1. Run classification/retrieval/reranking.
2. Stream answer tokens immediately.
3. Run a second fast metadata extraction prompt
4. Push metadata/citations as the final SSE event.
### 8.3 Tone Hints by Query Type
| Type | Tone Guidance |
|---|---|
| `fact_lookup` | Direct, no metaphors, cite per bullet. |
| `penalty_lookup` | Lead with consequence/penalty. |
| `cross_reference` | Explain primary section, then connections. |
| `conflict_detection` | Flag contradiction ONLY if both sides are in context. |
| `temporal` | Lead with exact numeric deadline/time. |
---
## 9. Validation
### 9.1 Validator Design
`validator_node()` treats `confidence_score < 0.2` as a hallucination risk.
- Returns `hallucination_flag: True` if score is below floor.
- Graph triggers a **retry** (up to 2 times) with different retrieval parameters if flagged.
### 9.2 Output Guardrails
`guardrails/output_guard.py`:
- Intercepts low-confidence or safe-guard failures.

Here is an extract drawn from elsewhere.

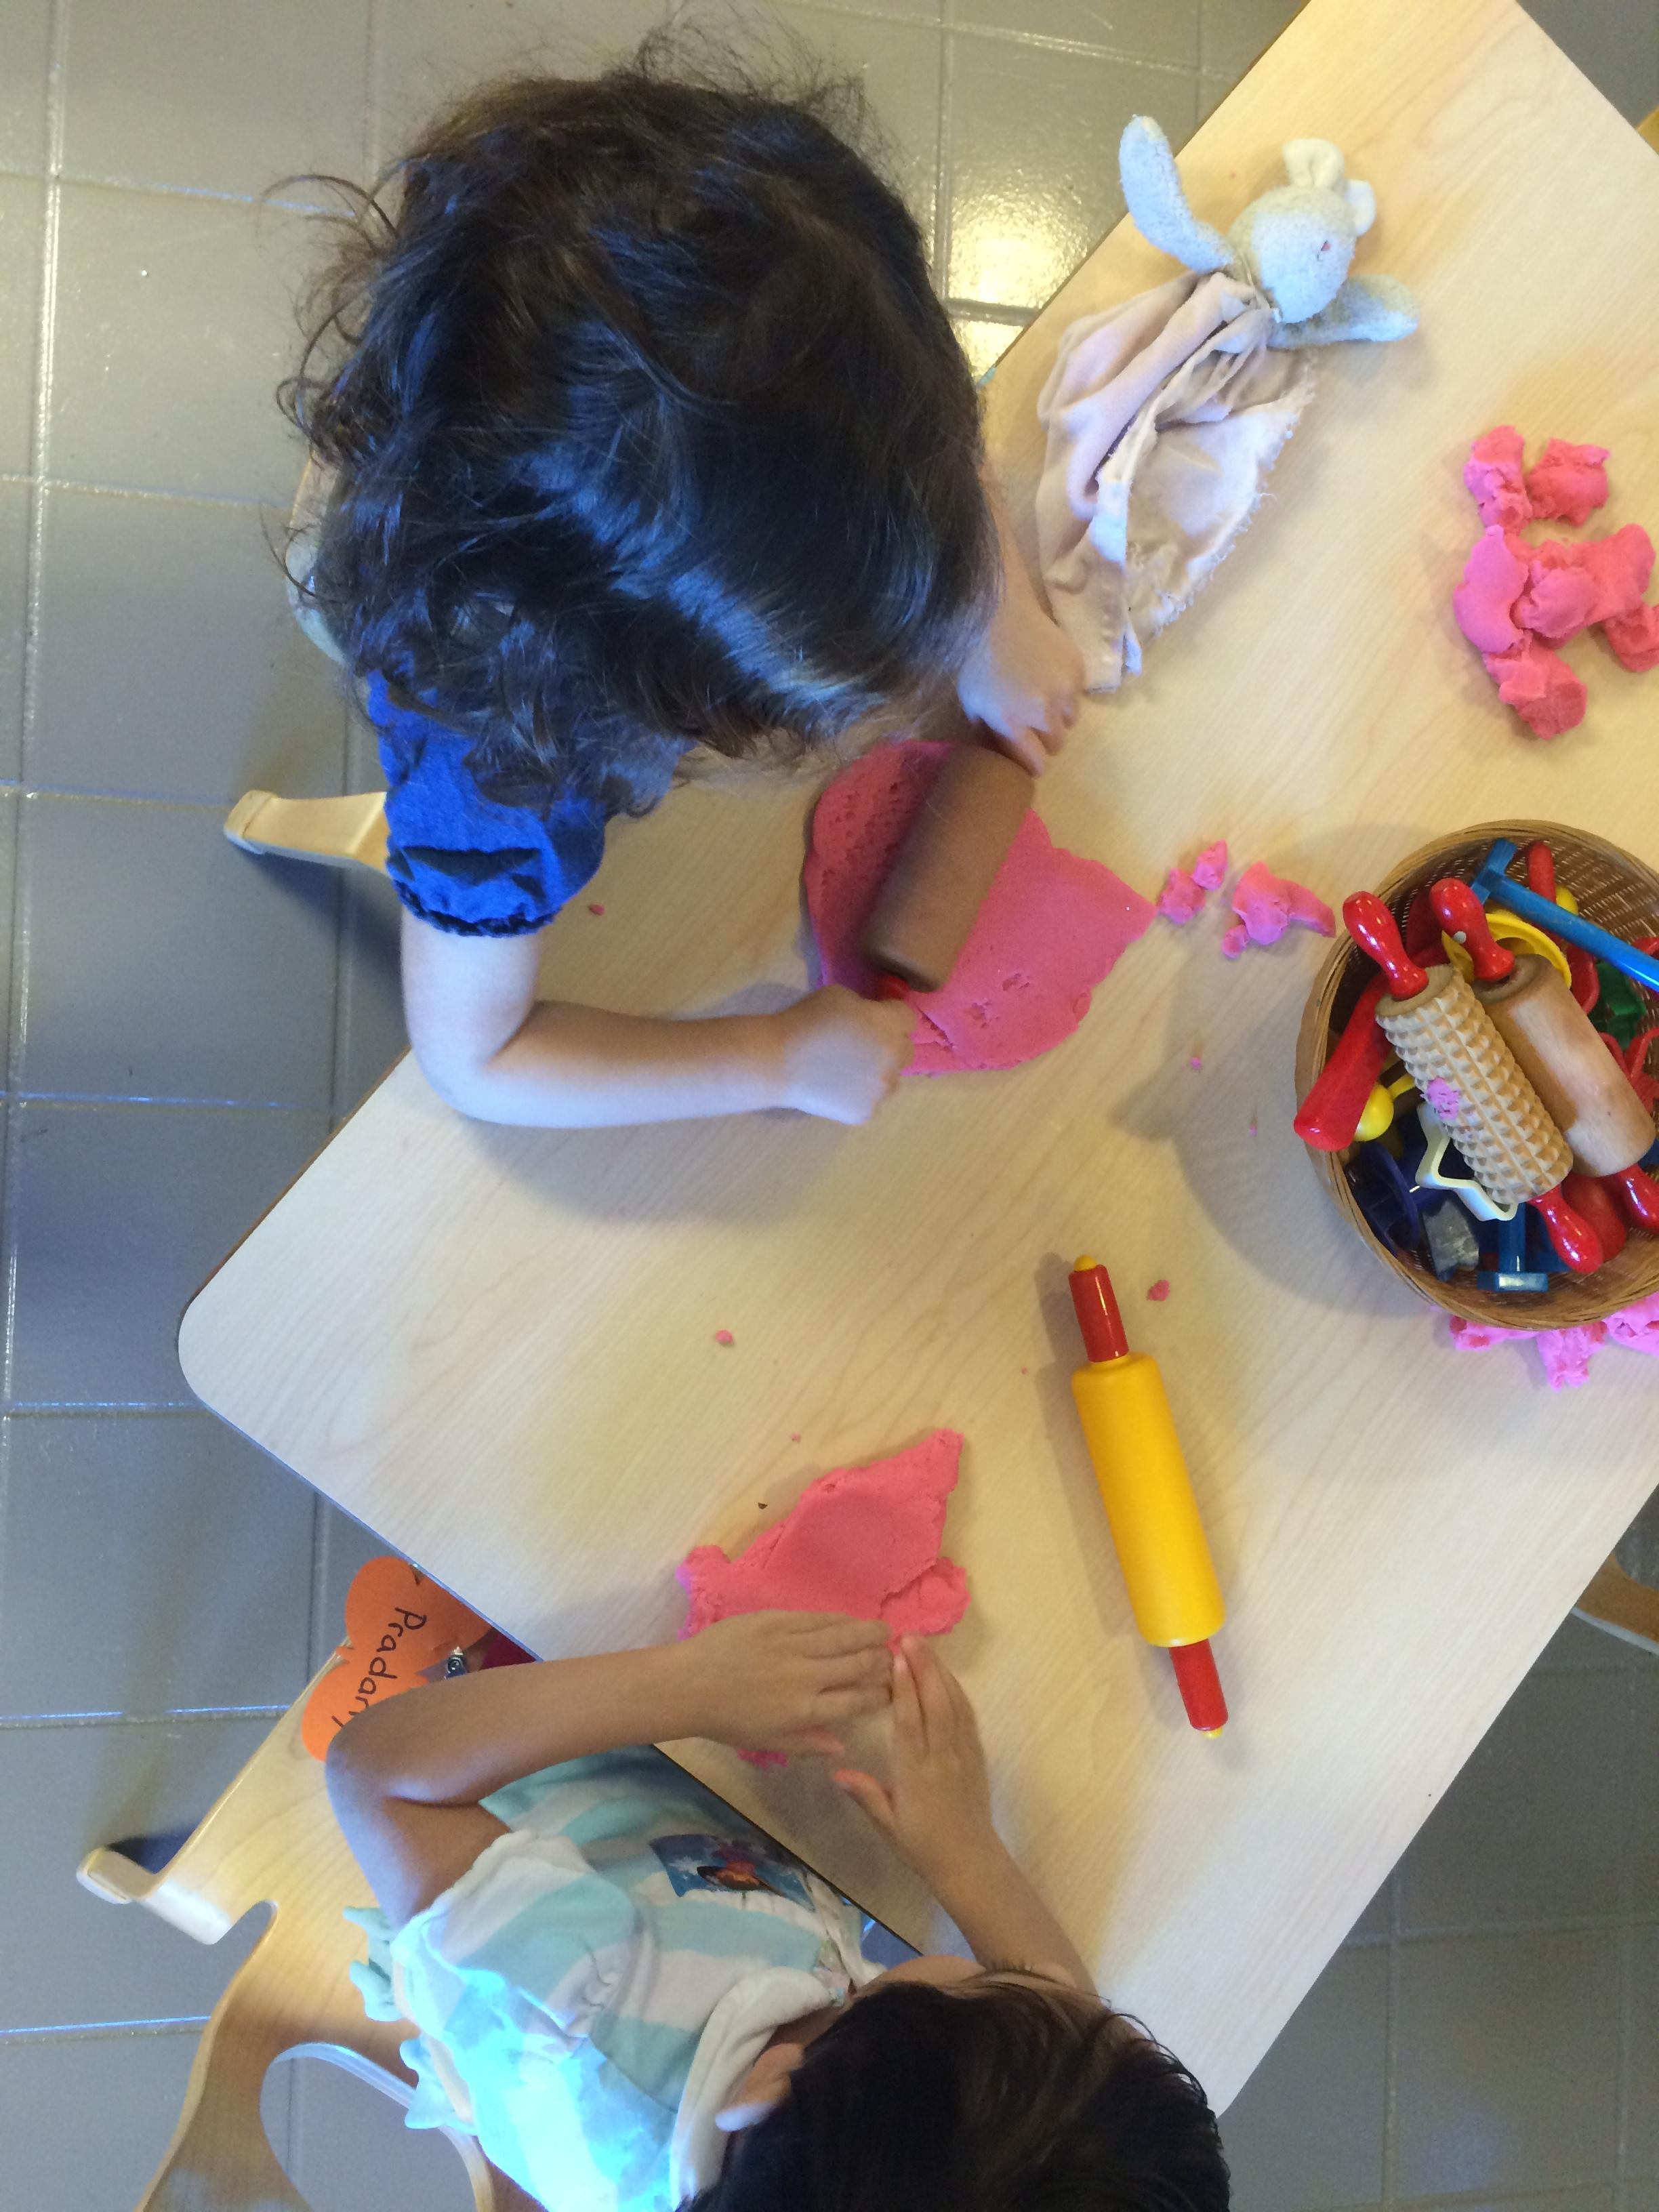 Play dough activities help strengthen little hands and imaginations!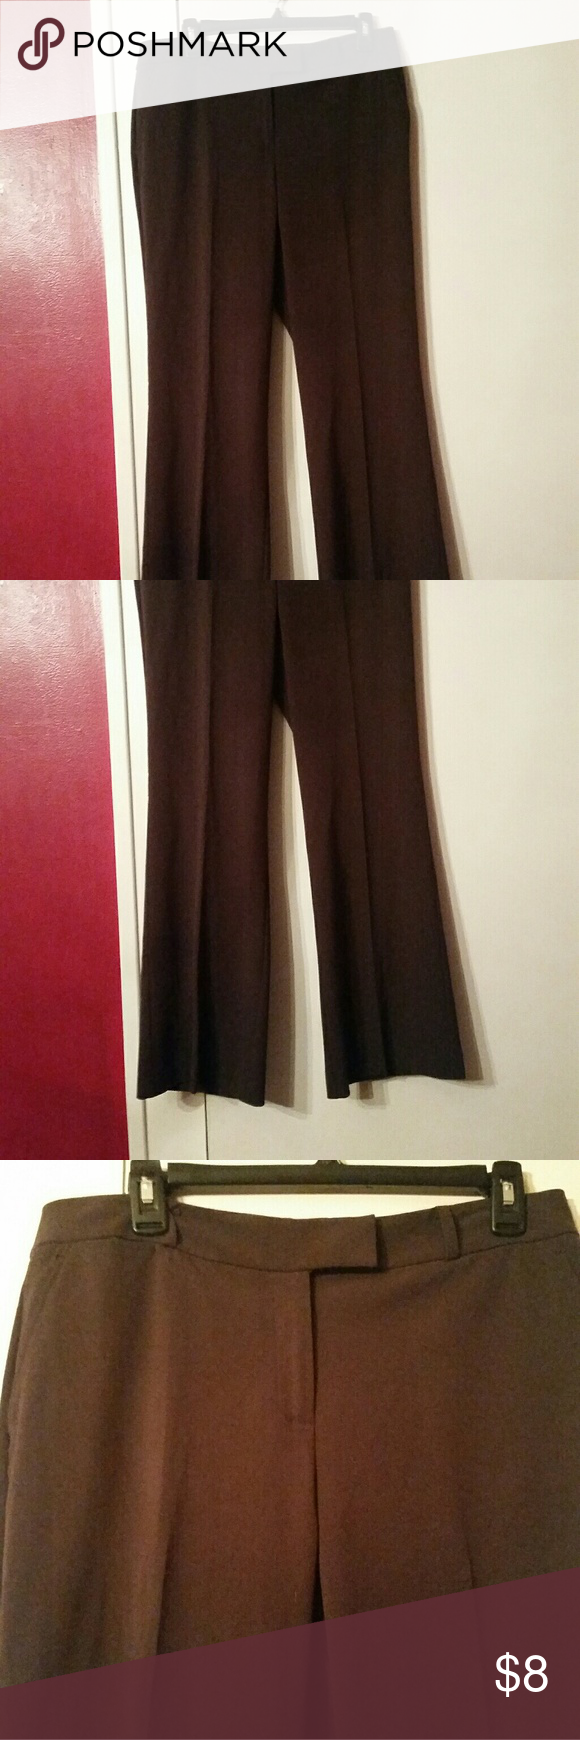 Nyuco dress pant dress pants dark brown and size

- Returns `InsufficientInfoResponse` when grounding is weak.
- Appends legal disclaimer.
---
## 10. RAGAS Evaluation Pipeline
### 10.1 Two-Phase Architecture
- **Phase 1:** Graph invocation -> `eval_phase1_results.json`.
- **Phase 2:** RAGAS scoring -> `eval_results.json`.
### 10.2 Dataset & Metrics
- **Rows:** 31 (Central, 4 States, Multi-Jurisdiction).
- **Primary Metrics:** Faithfulness, Answer Relevancy, Context Precision.
- **Goal:** Faithfulness > 0.85; Answer Relevancy > 0.80.
---
## 11. Known Failure Modes
- **Multi-Jurisdiction Retrieval:** Reranker often prefers one jurisdiction's terminology, leading to unbalanced context for comparison queries.
- **Large Context Noise:** 7 chunks sometimes include irrelevant sub-clauses that distract the generator.
---
## 12. Implementation Checklist
- [x] Add `DocumentSpec` to registry.
- [x] Verify PDF text extraction.
- [x] Run `make ingest`.
- [x] Seed Neo4j graph.
- [x] Run `make eval-smoke` to verify precision.